TWI620358B - Memory structure and manufacturing method of the same - Google Patents

Abstract

A memory structure and a method of fabricating the same are provided herein. The memory structure includes a substrate and a resistor. The substrate has a groove. A resistor is disposed in the trench. The resistor includes a body and two connections. The body includes a bottom and two tops. The bottom is located in the groove and the tops are located on the bottom separately from each other. The connections are located on the top of the two. The resistivity of the connecting portion is smaller than the resistivity of the body.

Description

Memory structure and manufacturing method thereof

The present invention relates to a semiconductor structure and a method of fabricating the same, and more particularly to a memory structure and a method of fabricating the same.

The resistors are widely used in various semiconductor devices. For example, resistors used in memory devices include resistors with higher impedance values and resistors with lower impedance values. Generally, in a two-dimensional memory device, a floating gate type resistor is used as a resistor having a relatively high impedance value, and a gate type resistor is used as a resistor having a low impedance value. Resistors used in three-dimensional memory devices, especially those with higher impedance values, are still evolving.

The present invention provides a memory structure including a novel resistor and a method of fabricating the same. The manufacturing method of such a resistor can be integrated with the manufacturing method of the array region of the memory.

According to some embodiments, a memory structure includes a substrate and a resistor. The substrate has a groove. A resistor is disposed in the trench. The resistor includes a body and two connections. The body includes a bottom and two tops. The bottom is located in the groove and the tops are located on the bottom separately from each other. The connections are located on the top of the two. Connection part The resistance is less than the resistivity of the body.
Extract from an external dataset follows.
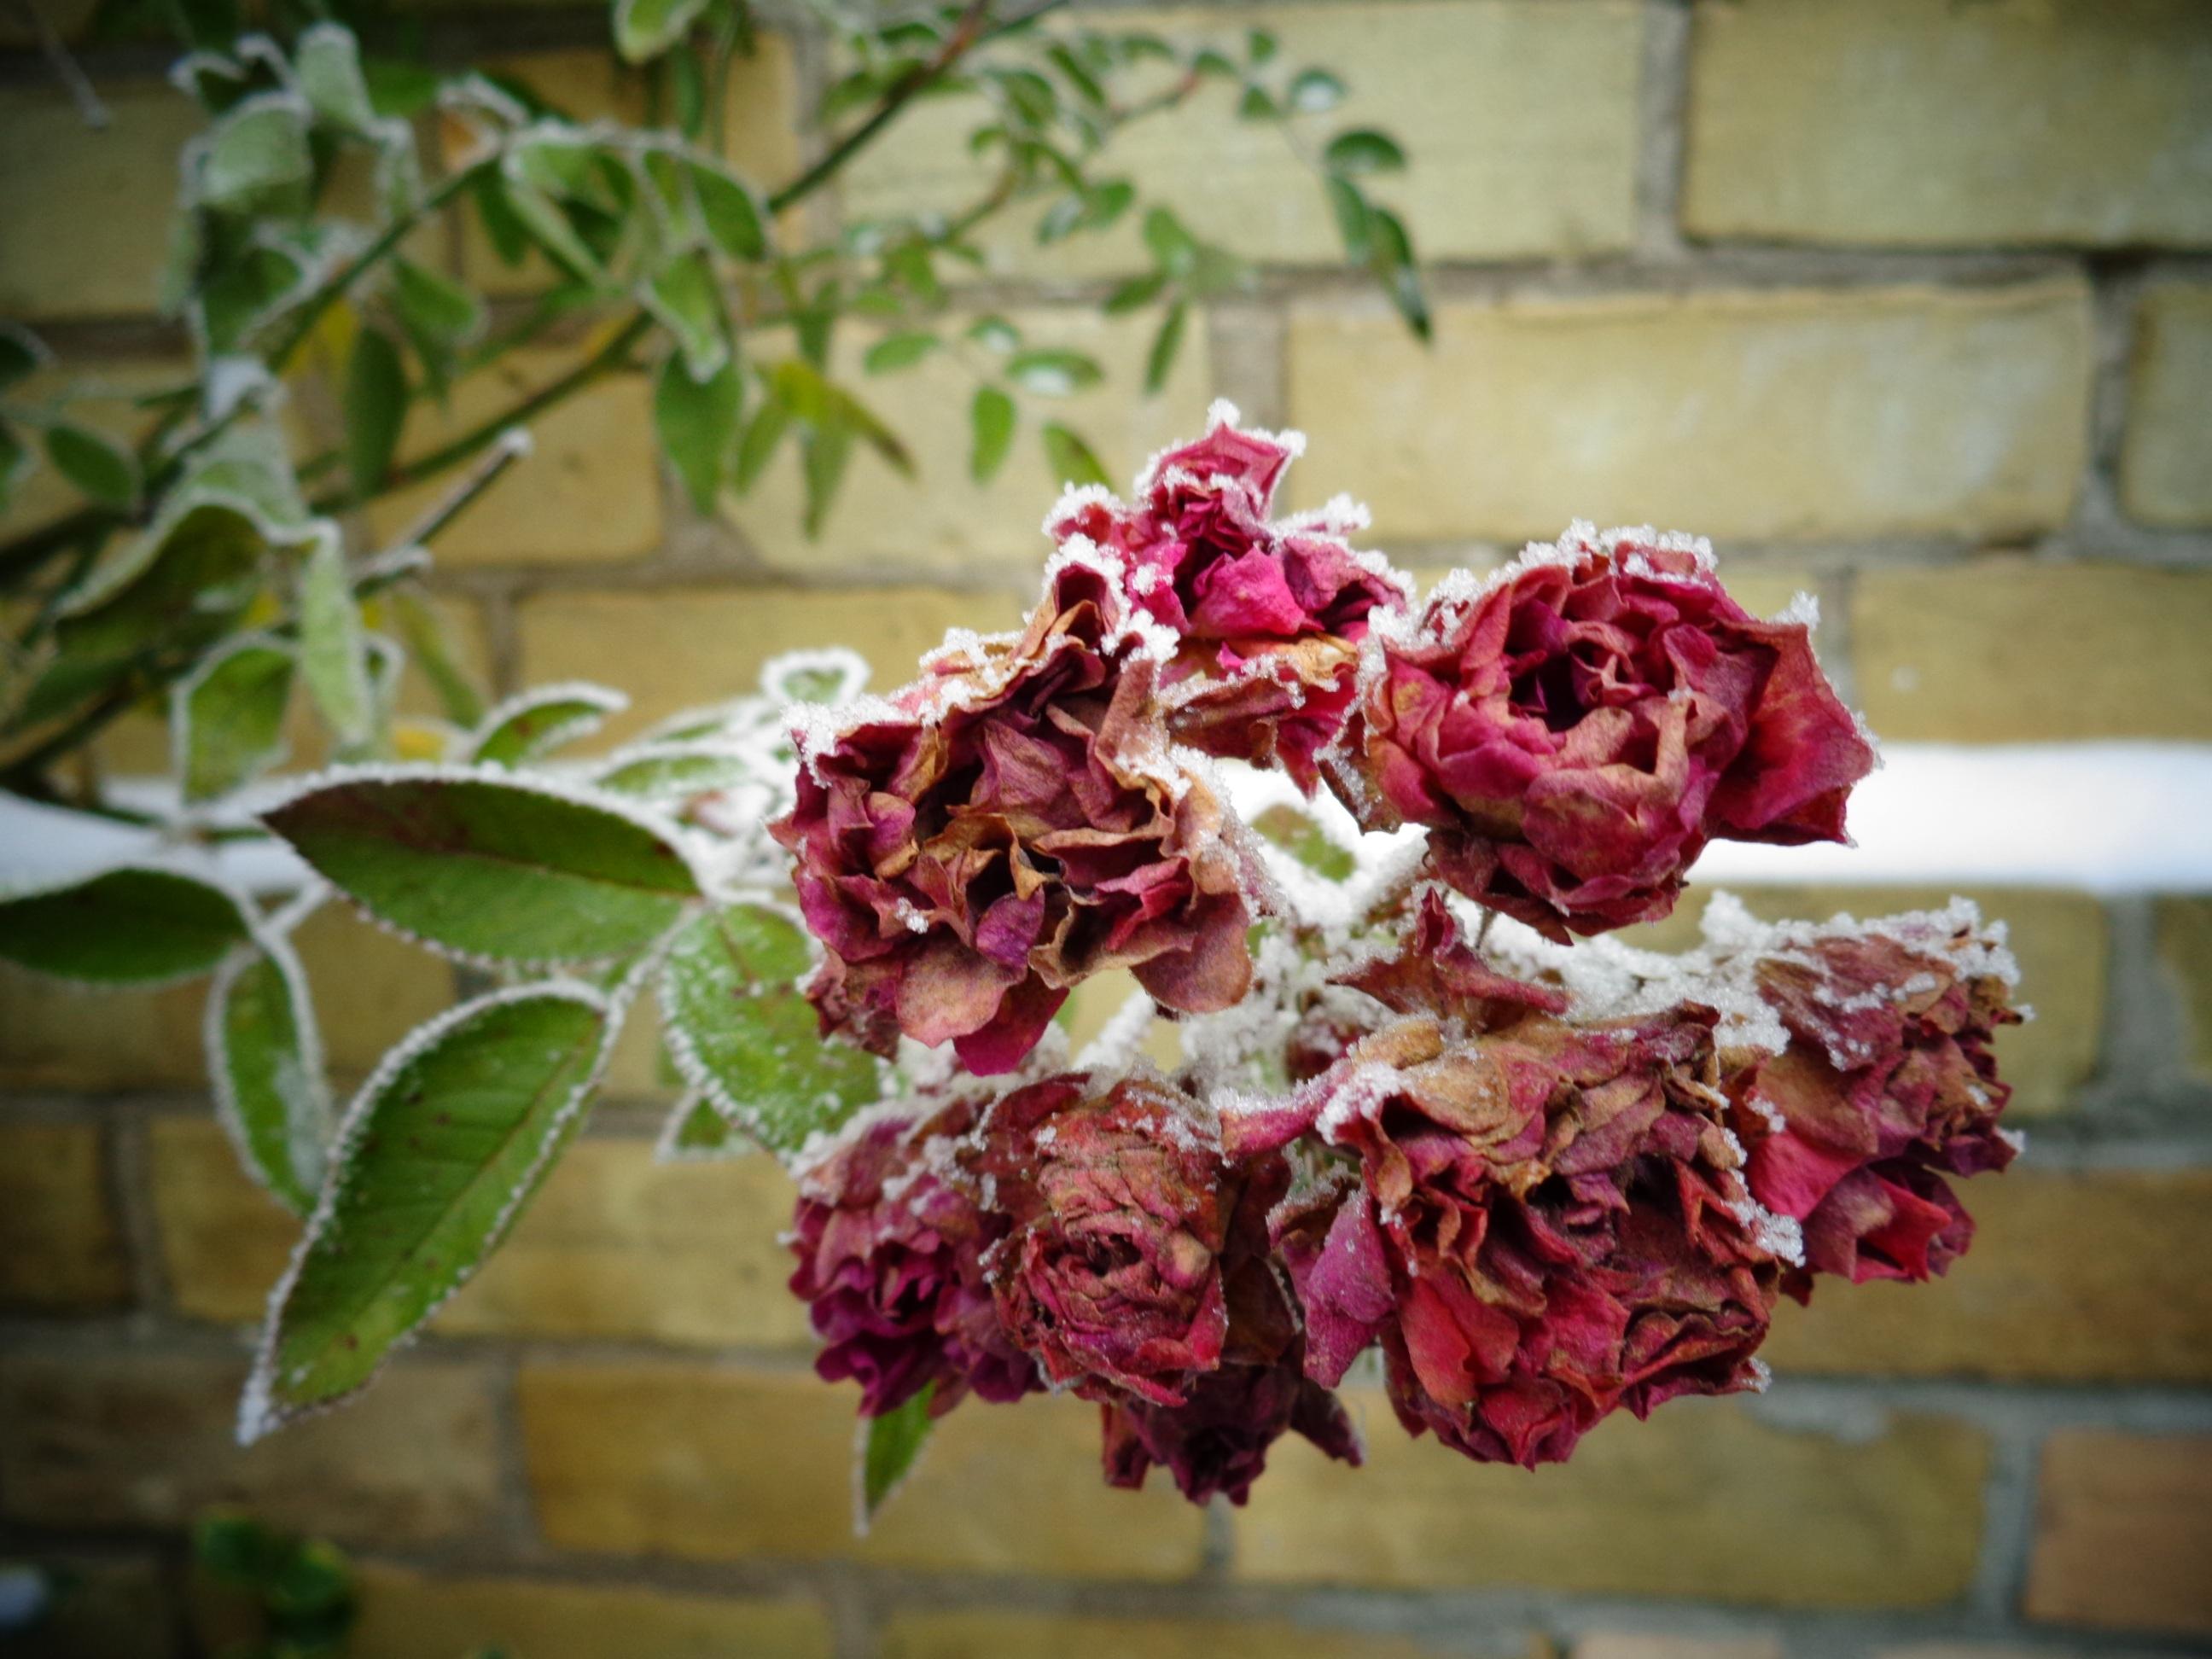 kostenlose foto bl hen schnee kalt winter frucht blatt blume bl tenblatt frost eis. Black Bedroom Furniture Sets. Home Design Ideas
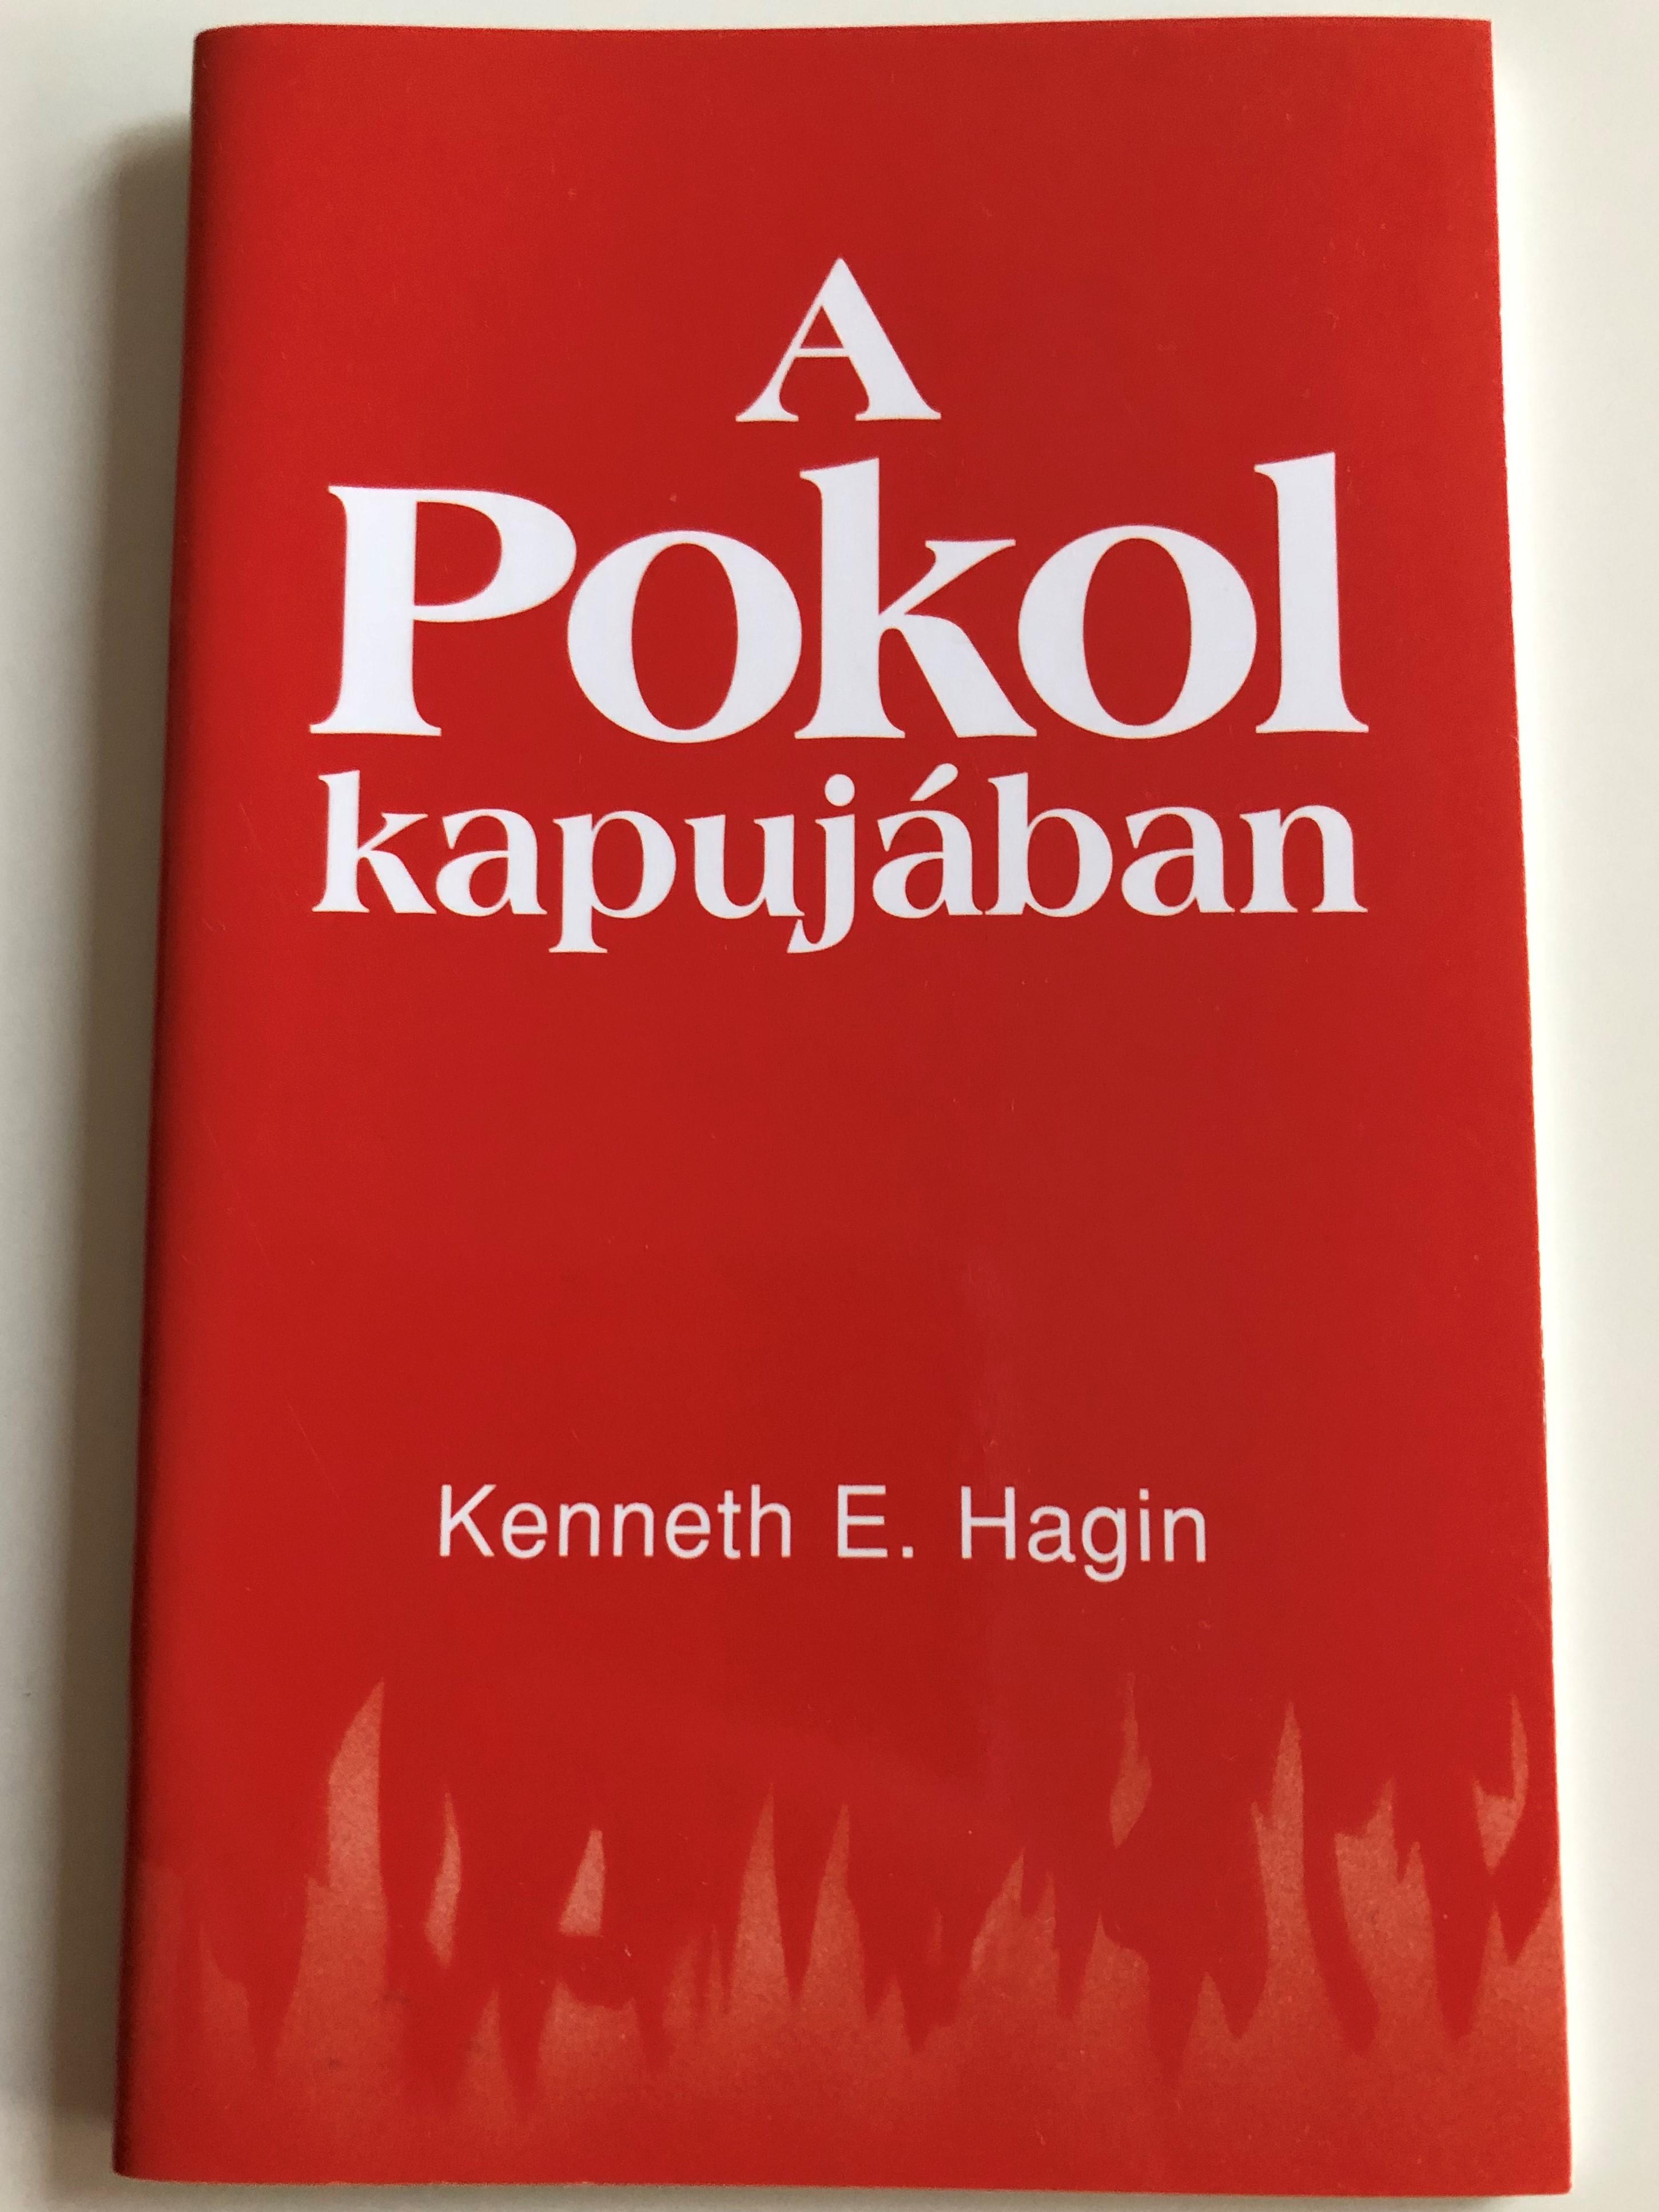 a-pokol-kapuj-ban-by-kenneth-e.-hagin-hungarian-edition-of-hell-1-.jpg

According to some embodiments, a method of fabricating a memory structure includes the following steps. First, a trench is formed in a substrate. A body forming a resistor. The body includes a bottom and two tops. The bottom is located in the groove and the tops are located on the bottom separately from each other. Next, two connection portions of the resistors are respectively formed on the tops of the two bodies of the main body. The resistivity of the connection is lower than the resistivity of the body.

In order to better understand the above and other aspects of the present invention, the preferred embodiments are described below, and in conjunction with the drawings, the detailed description is as follows:

102‧‧‧Substrate

104‧‧‧resistance

106‧‧‧ Subject

108‧‧‧ bottom

110, 112‧‧‧ top

114, 116‧‧‧ Connections

118‧‧‧ dielectric layer

120, 122‧‧‧Contacts

202‧‧‧Substrate

204‧‧‧Oxide layer

206‧‧‧Light resistance

208‧‧‧ dielectric layer

210‧‧‧ body material layer

212‧‧‧Protective layer

214‧‧‧ Subject

216‧‧‧ bottom

218, 220‧‧‧ top

222‧‧‧Light resistance

224‧‧‧ Coverage

226‧‧‧ Coverage

228‧‧‧First dielectric material layer

230‧‧‧metal layer

232‧‧‧Connection material layer

234, 236‧‧‧ Connections

238‧‧‧Second dielectric material layer

240‧‧‧Contacts

242‧‧‧Barrier layer

244‧‧‧metal layer

302‧‧‧resistance

304, 306‧‧‧ Connections

308‧‧‧Contacts

402‧‧‧resistance

404, 406‧‧‧ Connections

408‧‧‧Contacts

L1, L2, L3‧‧‧ length

T‧‧‧ trench

W‧‧‧Width

Figure 1 is a schematic illustration of a memory structure in accordance with an embodiment of the present invention.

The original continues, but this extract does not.